As with cued conditioning in animal studies, human fear conditioning seeks to develop an association between a CS and an aversive US. For example, in an early study of conditioning to social cues investigators used slides of photographs of human facial expressions as CSs and a mild shock to the fingers as the US. Not surprisingly, it was found that stronger conditioning occurred when the reinforced conditioned stimulus was a picture of a fearful face than when it was a happy face (35). (Further discussion of reinforced and non-reinforced conditioned stimuli follows in the next section.) The focus of a considerable amount of the early human conditioning research was directed toward understanding the influence of biological preparedness (35, 36) in the acquisition and extinction of conditioned fear responses. Consequently, many early studies used fearful or angry faces as CSs because they conditioned quickly and without subjecting participants to a large number of, or high intensity, US presentations to achieve a measurable level of fear acquisition (37–39).

Recent studies of human conditioning have trended toward using experimental protocols that more closely follow those established in the animal literature. Commonly, studies use a short (about half a second), mild shock delivered by electrodes to two fingers on the subject’s dominant hand (the non-dominant hand is used for recording physiological measures) (40–42). Other studies deliver the aversive shock to the wrist or ankle of the participant (43). Because of the ethical considerations surrounding shock delivery in human subjects, participants typically predetermine the level of shock to be used as “highly annoying but not painful” (44, 45). Therefore, human fear conditioning in its simplest form involves the association of a CS (normally a colored picture of a geometric shape such as a square or circle) and a mild shock. For example, participants will be seated in front of a computer monitor programmed to display a red circle (the image is typically displayed for about 8–12 s) (46, 47). If the shock is always delivered after presentation of this cue, the subject will quickly learn that it predicts the shock and will demonstrate a conditioned response (e.g., a change in sweat activity) when it appears.

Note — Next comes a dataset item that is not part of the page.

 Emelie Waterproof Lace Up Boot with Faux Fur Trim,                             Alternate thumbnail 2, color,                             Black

In addition to the CS that is paired with the US, many studies of human conditioning use a second stimulus, such as a blue circle, which is never paired with the US. This type of conditioning is known as differential conditioning and rarely has been used in animal studies. In differential conditioning, the CS that is not paired with the US (e.g., a yellow square) is referred to as the CS− and the CS that is paired with the US (e.g., a blue circle) is referred to as the CS+ (see Fig. 5.4). A typical differential conditioning study might involve several, initial exposures to both the CS+ and the CS− (perhaps 4–5 times each) in random order and with no shocks administered. This “habituation” phase reduces orienting responding and establishes physiological baselines. During the “conditioning” phase, the CS+ and CS− might be presented 5–10 times each with the US being administered immediately following CS+ offset. As with animal conditioning, the duration of time between cues is set to vary around a predetermined average, with an overall range of about 12–25 s for studies using skin conductance change as the measure of fear (48, 49).

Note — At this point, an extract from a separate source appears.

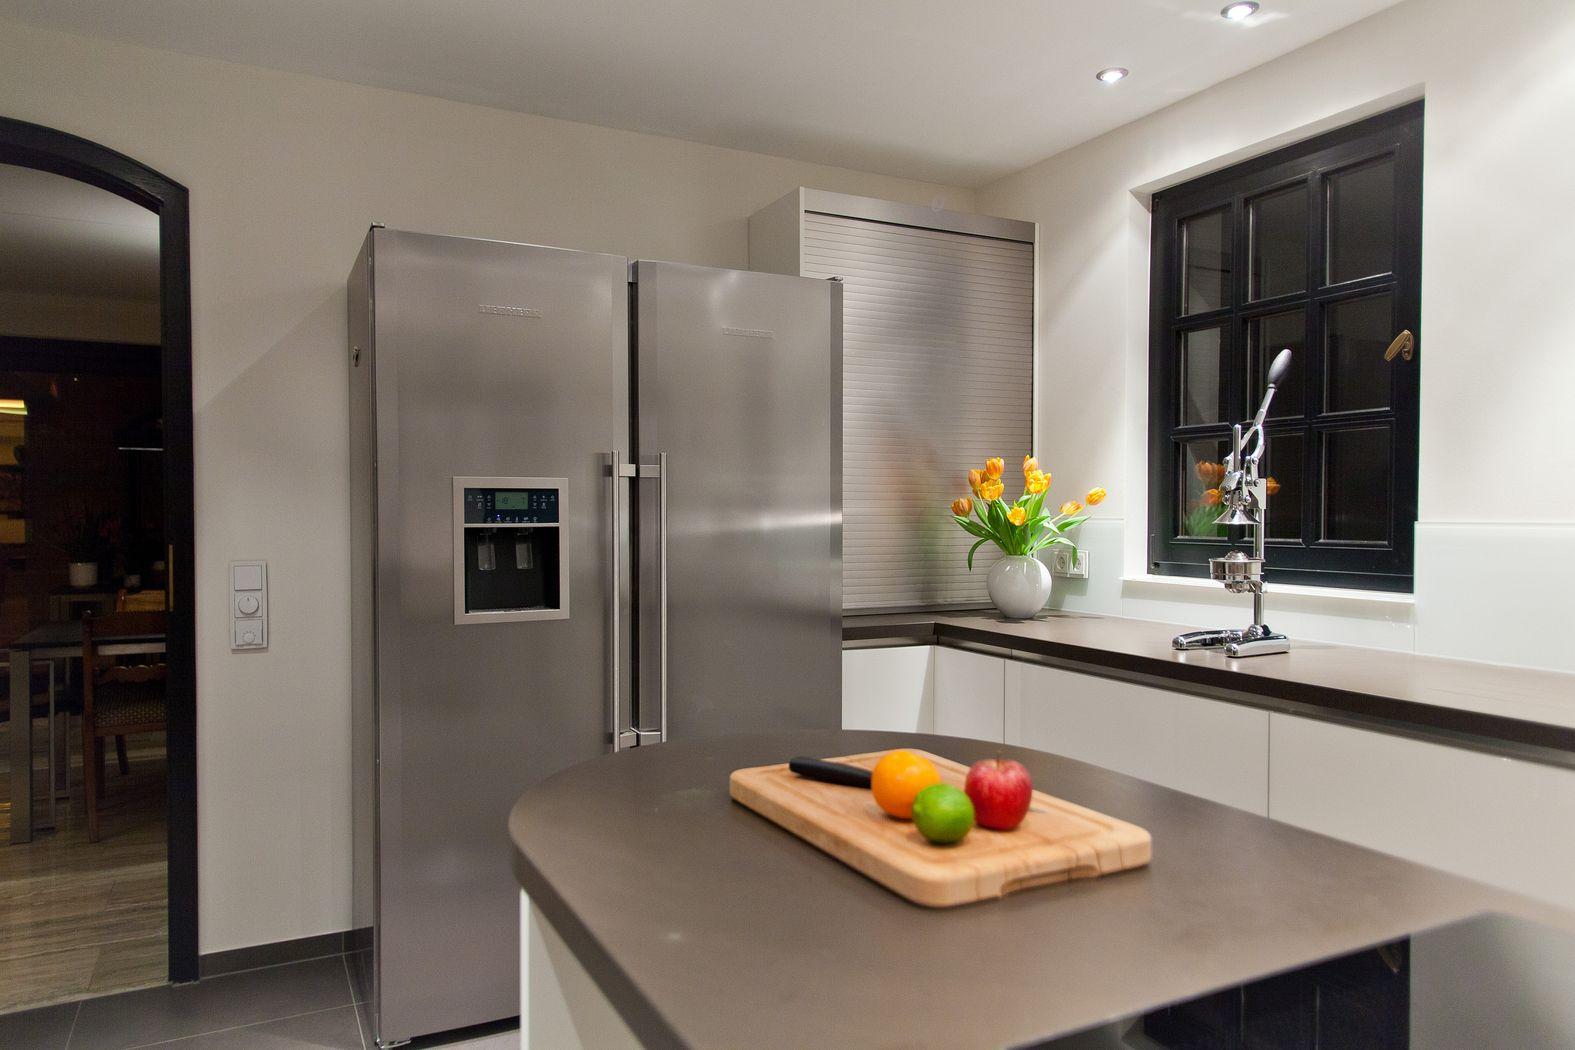 Awesome Küchen Luxus Design Contemporary - Ridgewayng.com ...

Other types of unconditioned stimuli have also been employed in human conditioning studies. For example, some studies have used aversive noises rather than mild shocks (50, 51). The study designs are similar to those described, commonly using simple visual images as the conditioned stimuli. However, during the fear acquisition phase, a burst of 90–100 dB of white noise will be delivered through headphones for 0.5–2 s as the US (52, 53). Studies that include a CS− may pair the CS− with a non-aversive tone (50–70 dB) with the same duration as the aversive US. Other studies have used small blasts of air directed at the participant’s throat as the US (54–56). This is accomplished by connecting a compressed air tank to plastic tubing with a solenoid valve set up so as to deliver puffs of air for about 100–250 ms, typically at an intensity of about 140 psi (55).

Since the 1960s electrodermal measures, e.g., skin resistance, skin potential, and skin conductance, have been the most popular indices of aversive conditioning in humans. Over the years, various general terms have been used to refer to electrodermal activity, such as galvanic skin response (GSR), psychogalvanic reflex (PGR), and electrodermal response (EDR). Currently, skin conductance is the preferred measure of electrodermal activity. Ohm’s Law serves as the underlying principle for measuring skin conductance. Skin conductance level primarily reflects the amount of sweat present in the sweat glands. It is commonly measured from the fingers or palm of the hand; glands on the palms of the hands (and the soles of the feet) are known to be particularly responsive to emotional arousal. An increase in skin conductance is caused by sympathetic nervous system activation, which increases secretion from the eccrine sweat glands. When a human being becomes emotionally aroused, he or she produces small amounts of sweat that are more electrically conductive than dry skin. Skin conductance is measured by attaching two electrodes, separated by about 14 mm, on the subject’s non-dominant hand. A skin conductance coupler then passes a small electrical current at a constant voltage (typically, 0.5 V) through electrodes filled with isotonic paste. An analog-to-digital converter “digitizes” the voltage output of the skin conductance coupler, which is then recorded and translated into a numeric measure of skin conductance level by a computer program. A change in skin conductance level can then be calculated so as to provide a measure of the magnitude of the skin conductance response to a given stimulus. For example, one might calculate the average skin conductance level during the 1-s interval prior to onset of a CS and subtract this value from the peak skin conductance level during the CS interval. This change score would provide a measure of skin conductance response to the CS presentation. For an excellent overview and discussion of the electrodermal system and assessment of electrodermal activity, the reader is referred to Dawson et al. (57). In addition to skin conductance, some investigators record other physiological indices such as heart rate and facial electromyogram (EMG) of the corrugator muscle, a small muscle at the medial end of the eyebrow that is associated with furrowing of the eyebrows or frowning.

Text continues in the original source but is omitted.